The big Viking didn’t even get the time to swing his axe as Azemar smashed him down. Azemar stepped past him and into the man who ran in behind. He swung him from his feet and banged his head into the wall. Slaughter beast, god killer, slaverer and slayer. The words went through his mind like comets across a black sky. He had a name, he knew, but what was it?
More men died, torn and ripped, broken and dismembered. They thrust things at him, sharp things, slow things. He was so strong. He tore free of the fight and ran. The night air hit him as he spilled out of the palace door and into the street. His nose and mouth stung and he recognised the taste of the big white flakes in the air. Ash.
Through the clinging fog he heard something. Not a voice, not an animal cry but something resonating deeper within him, an emanation of something older than sound. It called to him. He pictured a sign, a jagged slash with a line through it. His skin rose into bumps as he heard it howl. He understood it, knew what it said.

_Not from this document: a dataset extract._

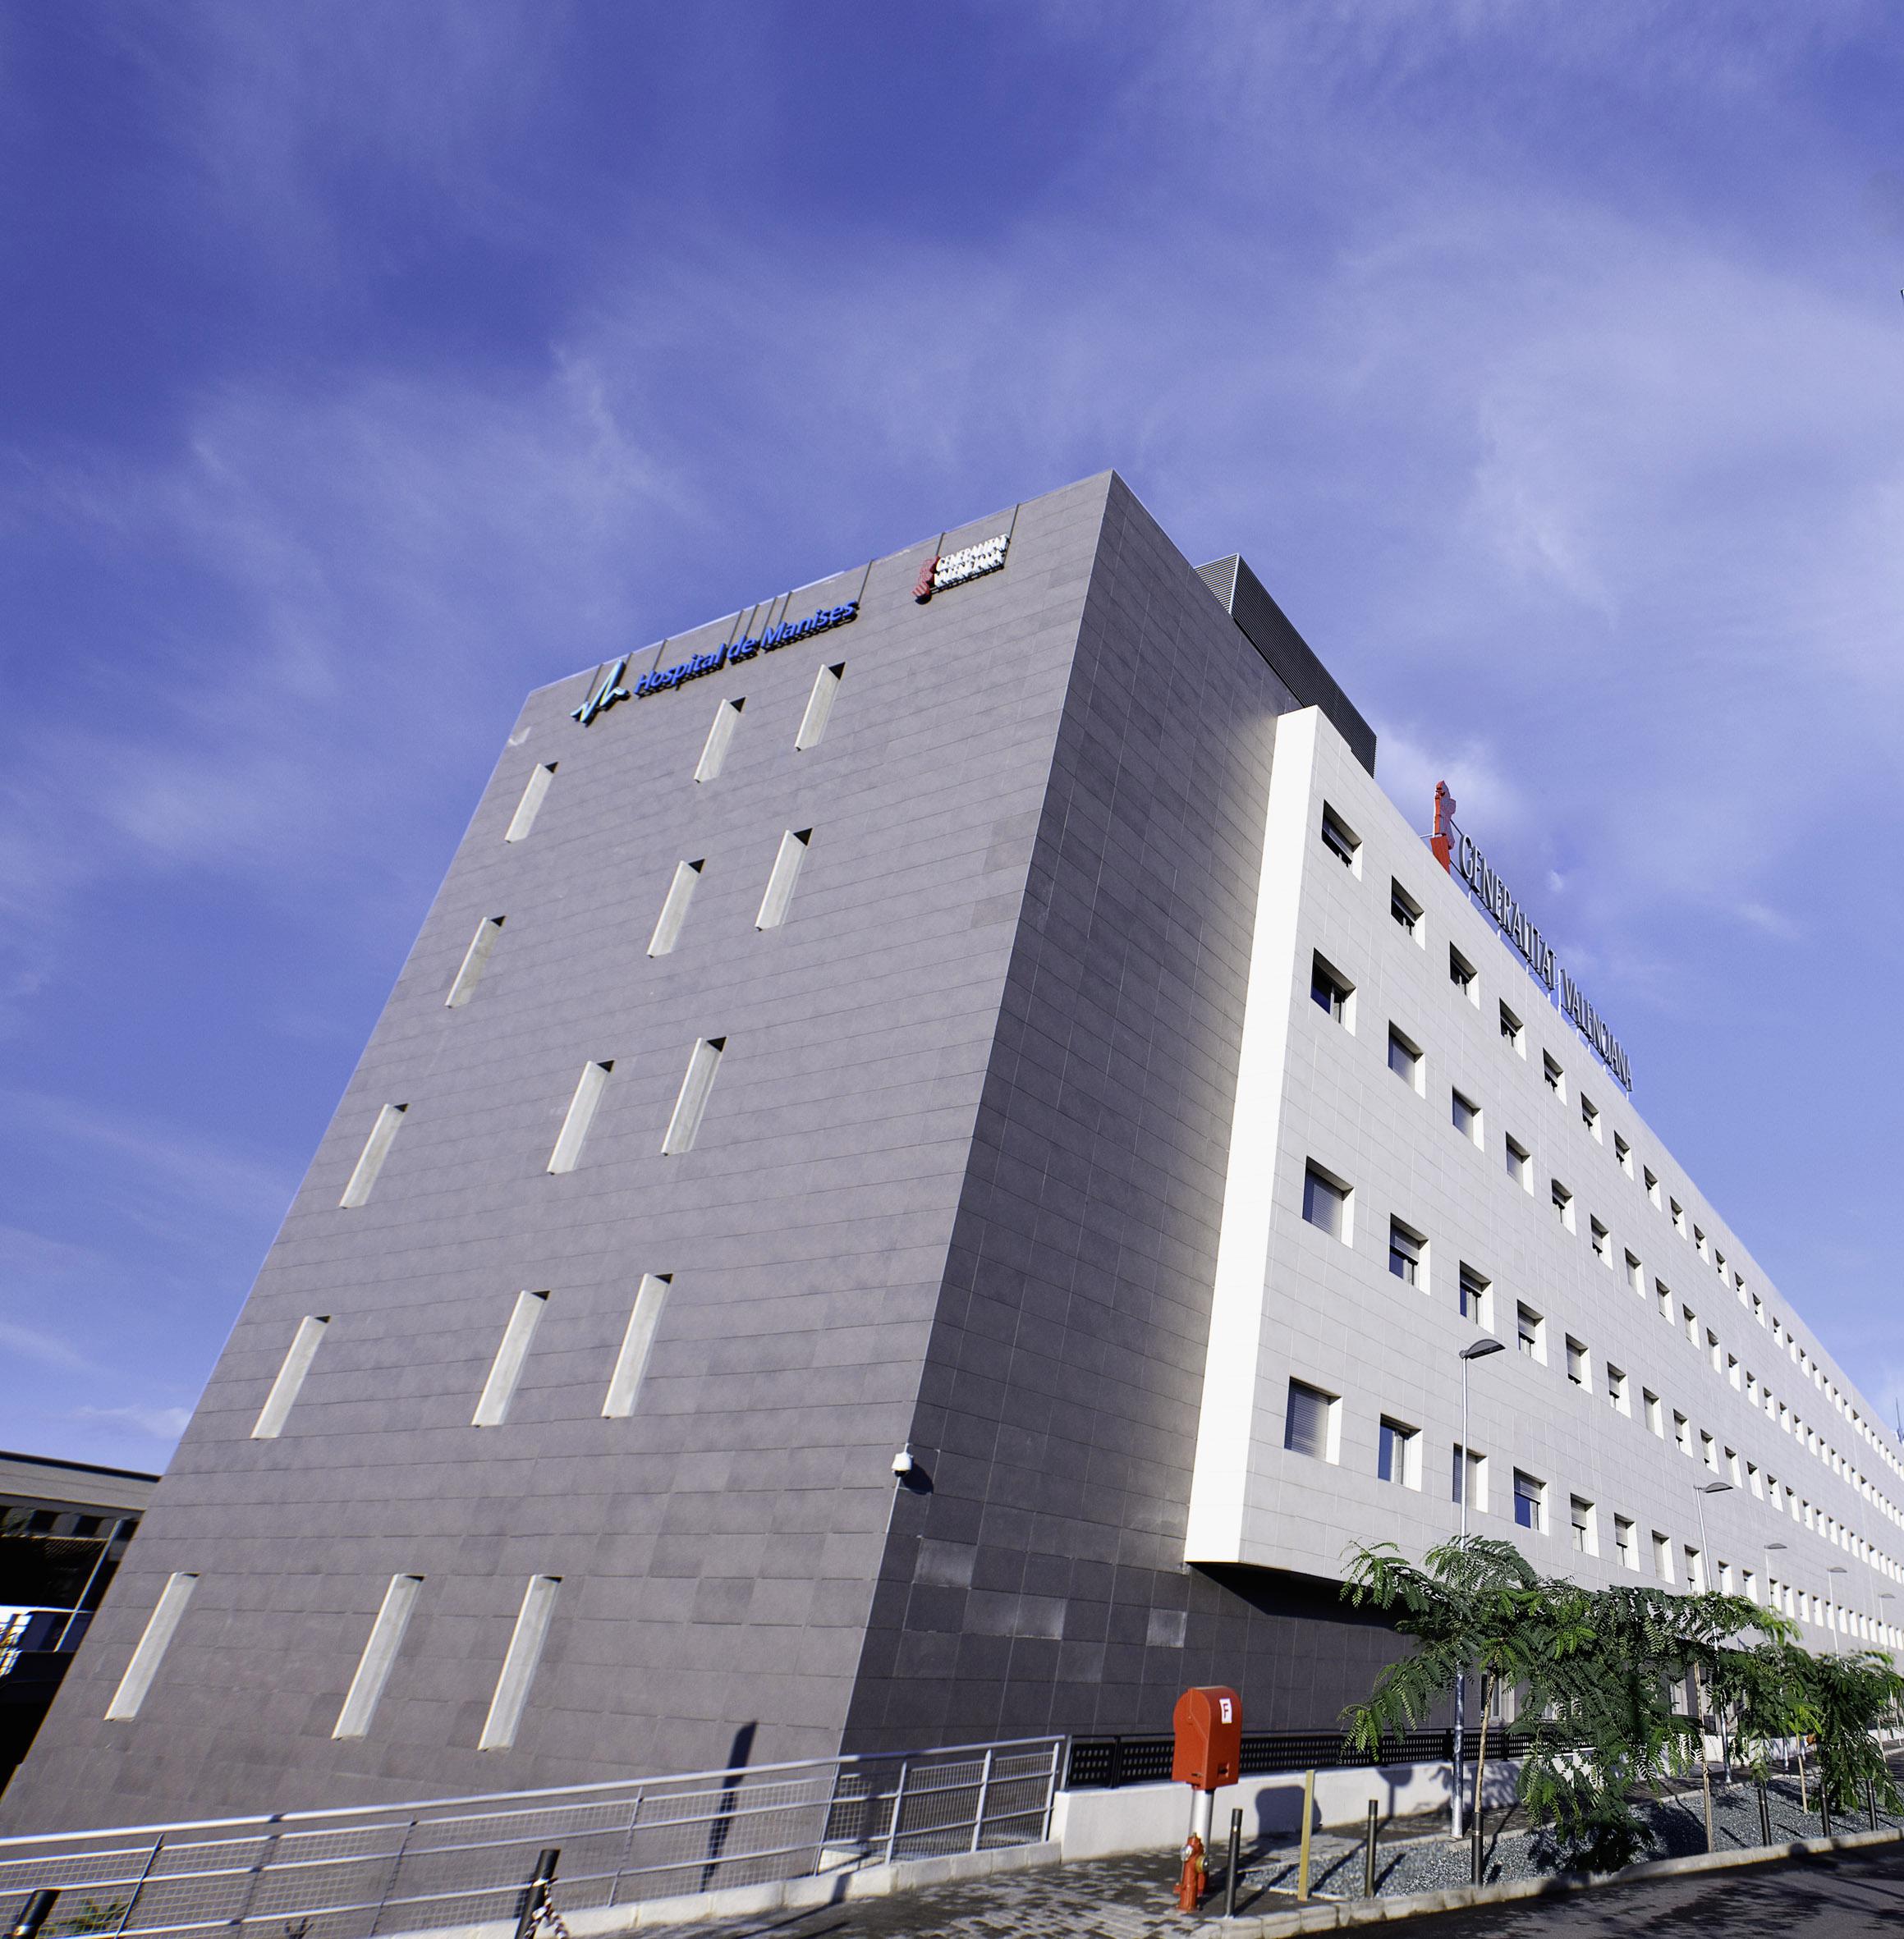 Manises, nominado como Mejor Hospital en los premios Best in Class.

‘I am here, where are you?’ It was the lady, she was calling to him, or rather something inside her was.
He looked back at the palace but then turned away from the fight with its delicious scents of murder and battle. He was summoned and he could not resist.
Azemar threw back his head and shouted, ‘I am here! Where are you?’ But his voice was the howl of a wolf.
M. D. Lachlan
Lord of Slaughter
45 The Bloody Waters
Air! A hand pulled him out of the water. It was flat dark, no glimpse of light. He lay gasping on cold rock.
‘We are through. Those men were sent by the gods, but they did not serve the gods’ purpose. Who was the white-haired one?’
‘His name is Ragnar.’
‘He followed you?’
‘He was sent to kill me, I think.’
‘I have seen him before.’
‘Where?’
‘In a past life. I have fought him before. He is a powerful enemy. Did he have the sword?’
‘What sword?’
‘The one that is curved. Like a sickle moon.’
‘I saw no such sword.’
‘It will come, along with the stone.’
‘What stone?’
‘A magical stone. The Wolfstone.’
Loys was so shaken he didn’t even think of the stone in his bag.